I found that the PCA method of dimension reduction was extremely useful in identifying the key factors that influence salary levels. This is because the dataset I used, which included information on 28 variables and their various characteristics such as age, industry, and work experience, was quite large and complex. Without using PCA, it would have been challenging to analyze all the variables at once, and the results could have been difficult to interpret.

The paper “A Novel Method of Feature Selection Based on Principal Component Analysis” by Zhang and Yang (2016) further reinforced the usefulness of PCA in my project. The paper highlights the importance of using feature selection methods to reduce the number of variables in large datasets and improve the accuracy and efficiency of machine learning models. PCA is one such method that can reduce the dimensionality of the dataset and extract the most important features that explain the variability in the data.

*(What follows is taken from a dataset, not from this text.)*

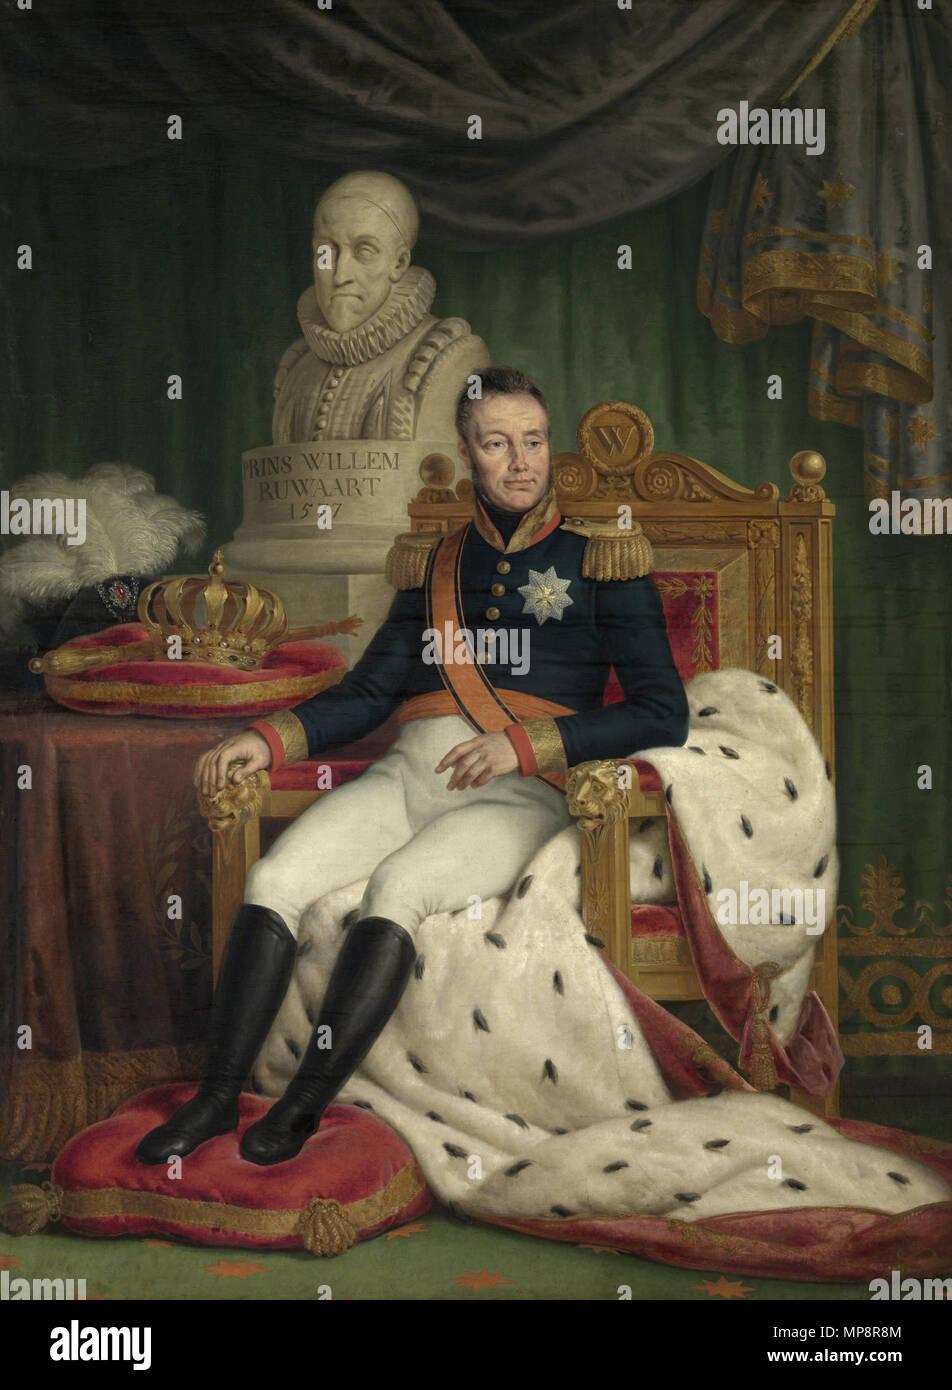 Retrato de Guillermo I, Rey de los Países Bajos del siglo XIX. 766 El Rey Willem I - Van Bree Imagen De Stock
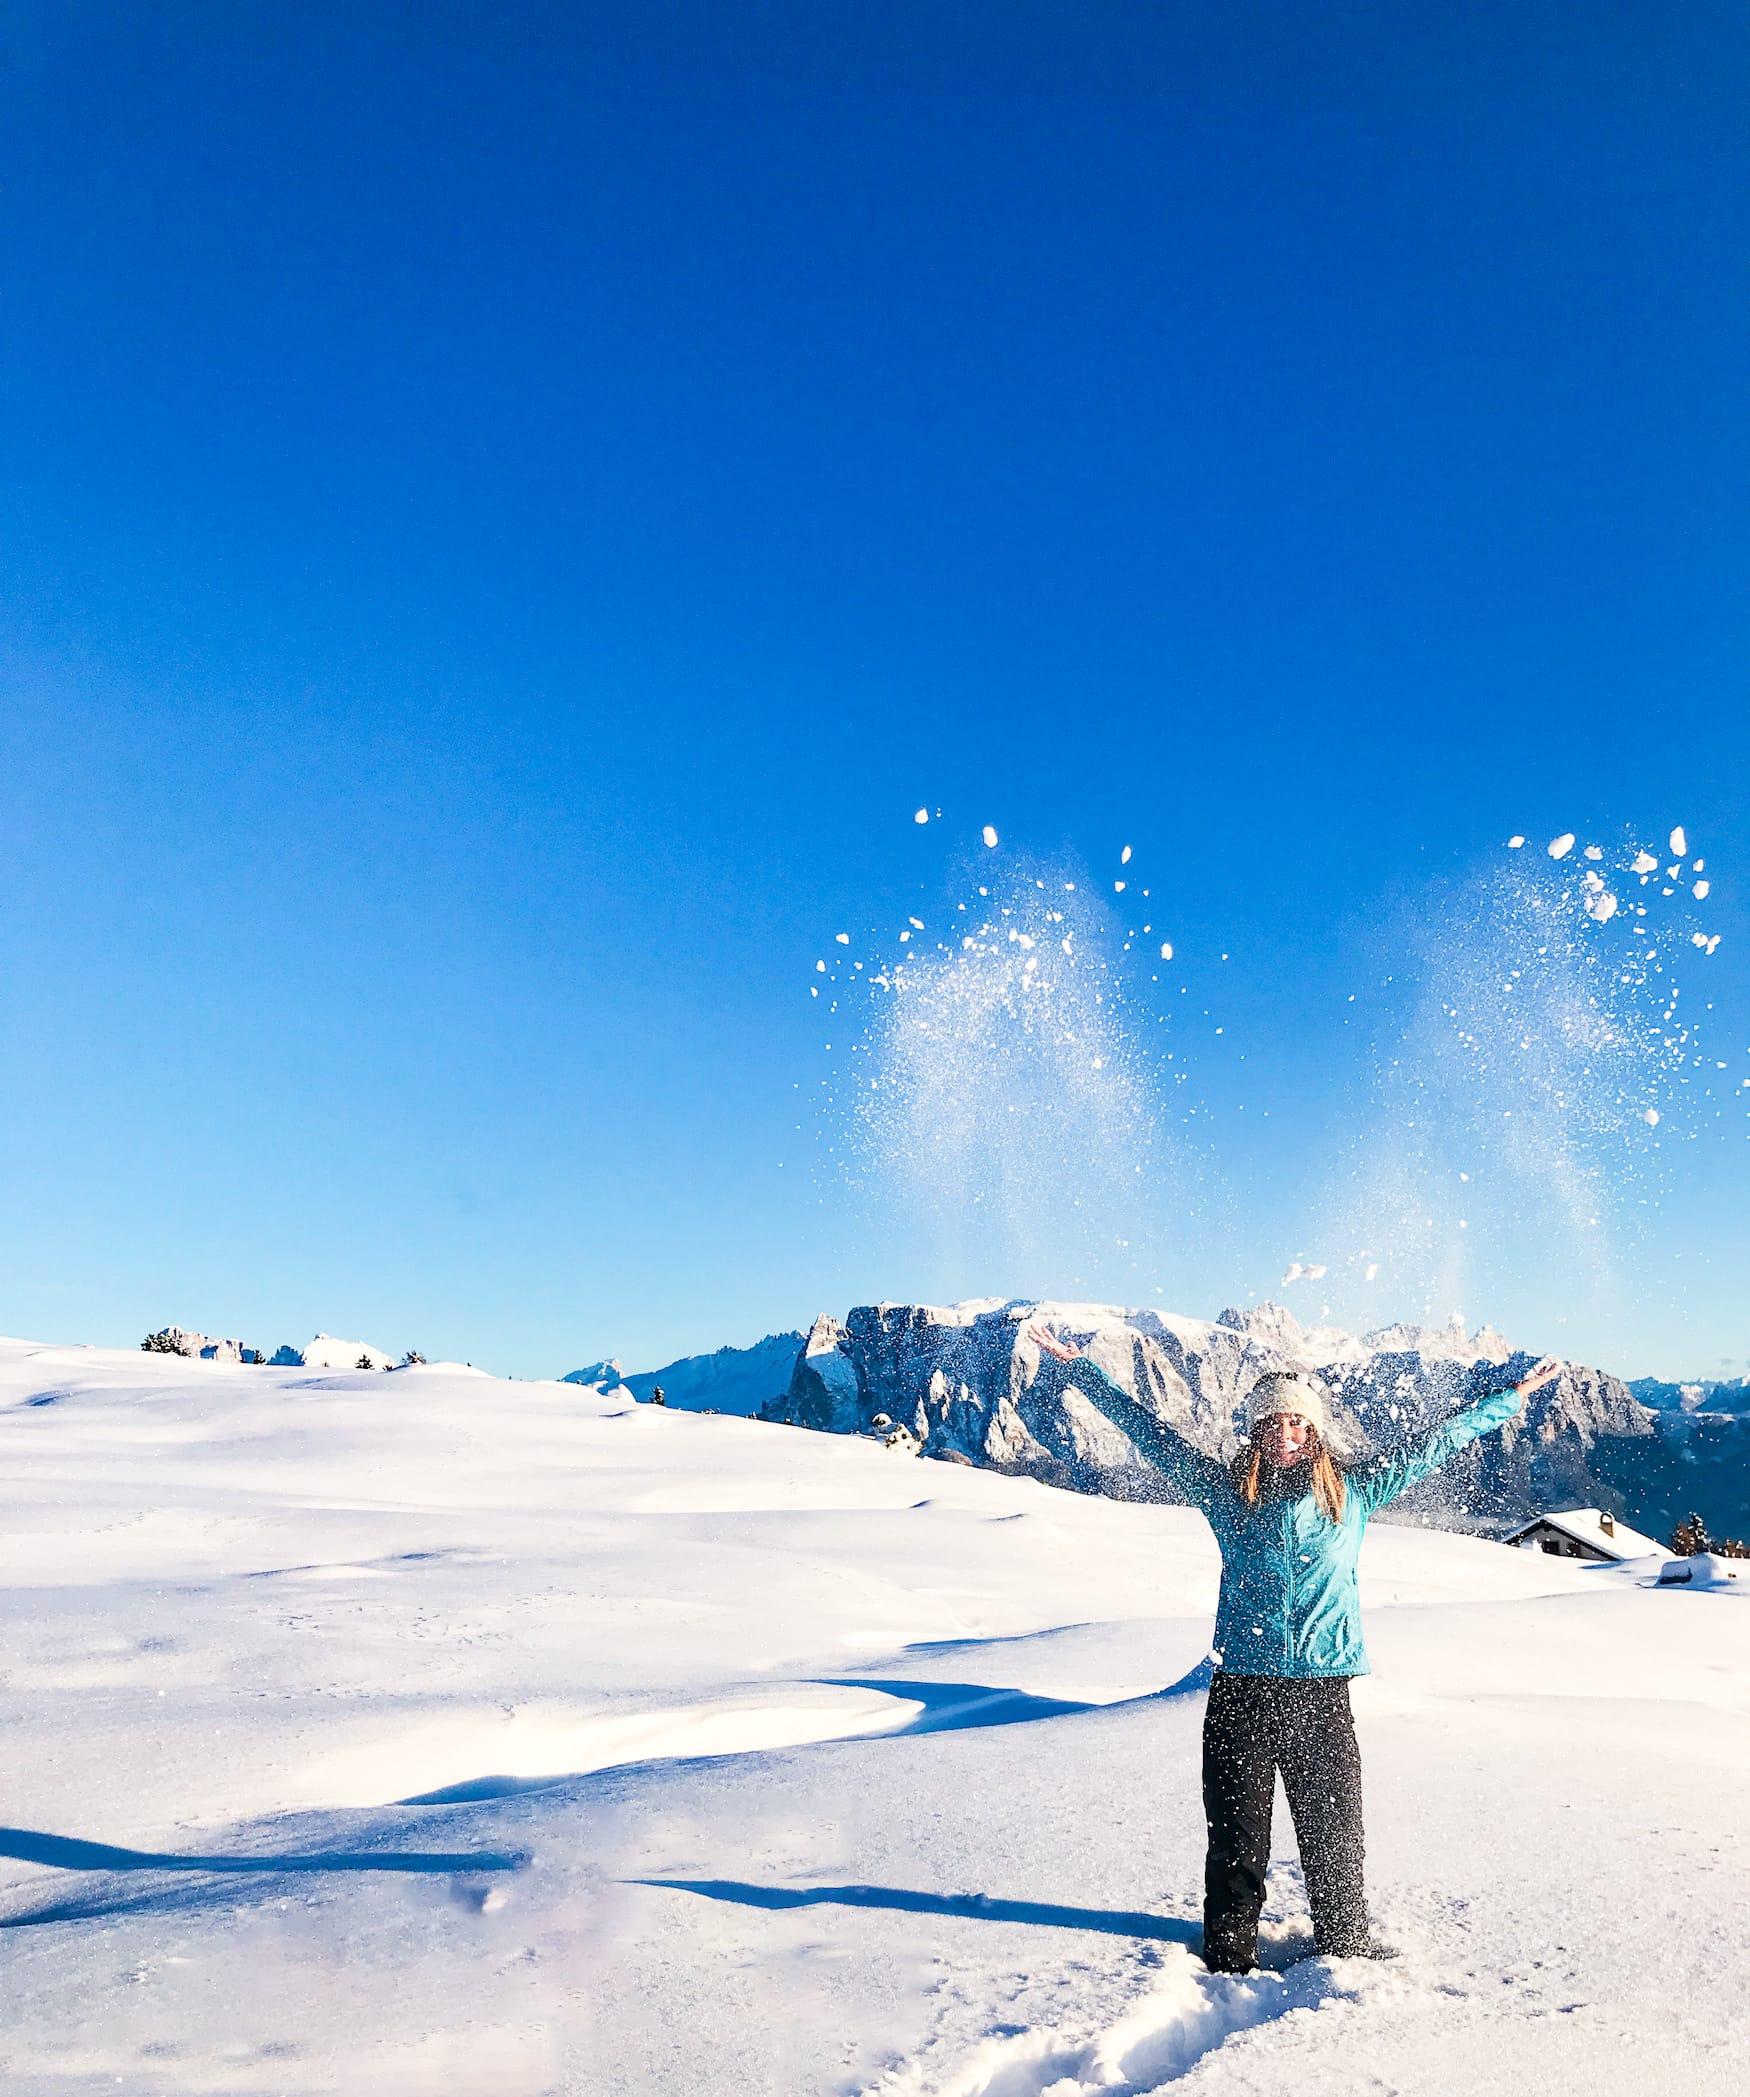 Frau wirft Arme in die Höhe in Schneelandschaft

By applying PCA to my dataset, I was able to reduce the initial variables down to a smaller number of principal components that explained the majority of the variance in the data. These principal components allowed to identify the key factors that influence salary levels. Additionally, I was able to create visualizations that helped to better understand the relationships between the different variables.

Overall, the PCA method of dimension reduction was an essential tool in our analysis, enabling to effectively explore the relationships between the various factors and their impact on salary levels. By reducing the dimensionality of the dataset, I was able to focus on the most significant variables and gain deeper insights into the factors that influence salaries.

Dataset

I chose to use the Kaggle Jobs Dataset from Glassdoor for my project because it provides a rich source of information about job listings and salaries across a wide range of industries and locations. The dataset includes over 200,000 job listings with information on job titles, companies, locations, and salaries. I used the “salary_data_cleaned.csv” file for my analysis.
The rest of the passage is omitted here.